Energy- and Carbon-efficient CO2 Electrolysis

Abstract

Carbon dioxide/monoxide (CO2/CO) reduction (CO2R/COR) – when powered by renewable electricity – provides a sustainable means to convert emissions into valuable products for the manufacturing, transport, and chemical industries. CO2R can contribute to sustainability through closing the carbon loop, increasing the penetration of renewables in the petrochemical industry, and achieving long-term storage of renewable electricity. Despite considerable promise, there have yet been few demonstrations of CO2R with a rate, energy efficiency, and carbon efficiency that would bring techno-economics in line with incumbents. The main objective of the thesis is to contribute to the realization of energy- and carbon-efficient CO2R. The first three technical chapters of this thesis focus on improving the performance metrics in flow cells and membrane electrode assembly electrolyzers (Chapters 3, 4, and 5). The last two technical chapters focus on implementing the performance-boosting strategies into carbonate-formation-free systems to achieve simultaneously high carbon and energy efficiencies (Chapters 6 and 7). The first work reports a new catalyst design that decouples gas, ion, and electron transport and enables, for the first time, CO2R at activities greater than 1 A cm−2 in alkaline flow cell electrolyzers (Chapter 3). Then, low overpotential and high selectivity in CO2R is achieved via an adparticle functionalization catalyst: gold adparticles formed on the silver-gold alloying interface via galvanic replacement (Chapter 4). A molecule:ionomer hierarchy is developed to lower the activation barrier for C–C coupling and control CO2, water, and proton transport – which in turn enabled record energy efficiency towards ethylene at industrially relevant reaction rates (Chapter 5).

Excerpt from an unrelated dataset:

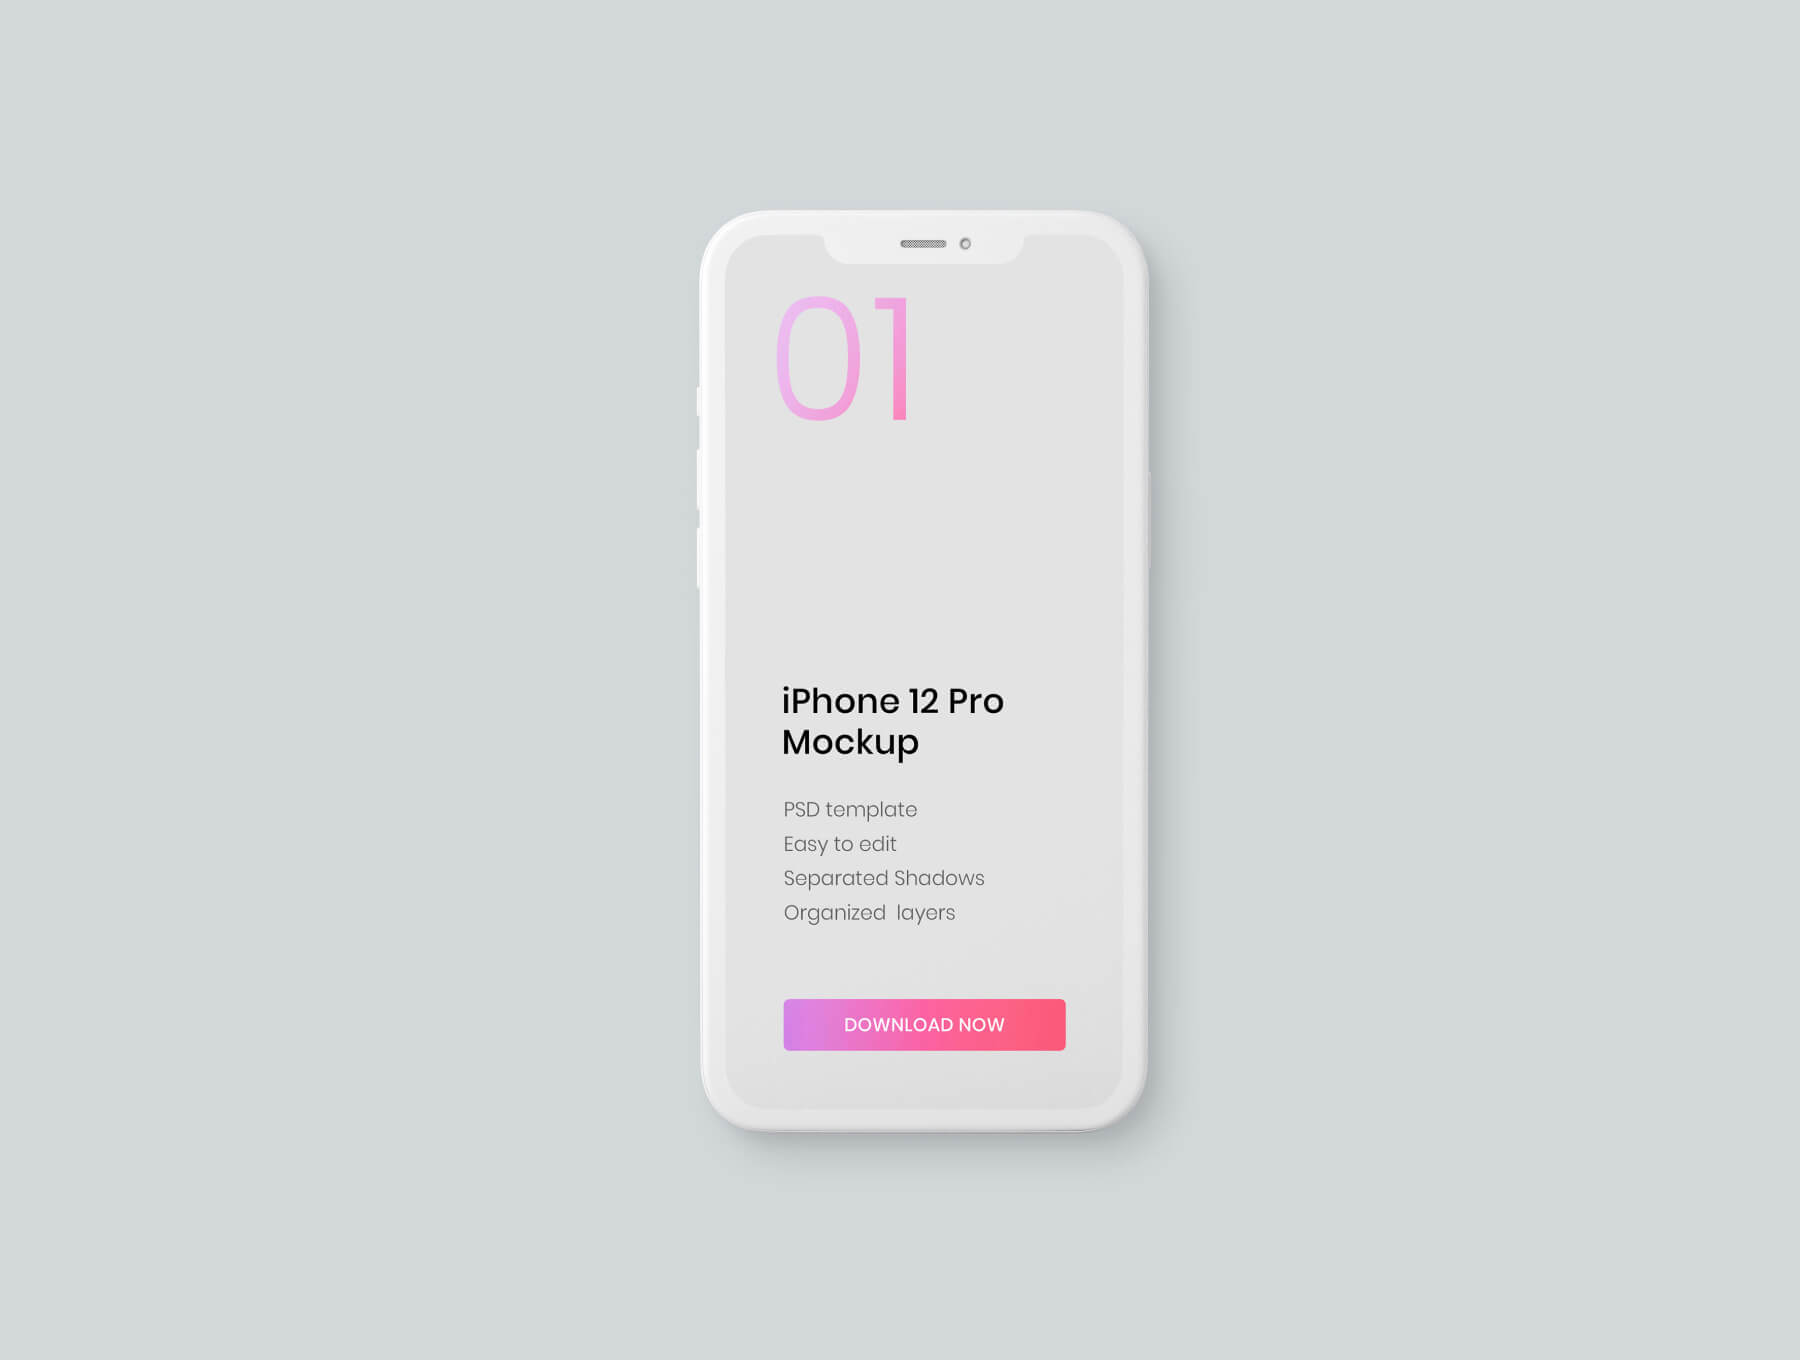 简约概念化iphone 12 Pro模型样机素材 Ui设计作品包装模版下载 设计口袋

A cascade system – CO2R to CO in a solid oxide electrolysis cell (SOEC) with zero carbonate formation and COR to C2+ products in a MEA electrolyzer – is developed to achieve record low energy intensities in the electrosynthesis of C2+ products (Chapter 6). Finally, a catalyst microenvironment exhibiting cation repulsion and anion attraction is developed to combine practical energy- and carbon-efficiency in electrosynthesis of C2+ from CO2/CO feedstocks (Chapter 7).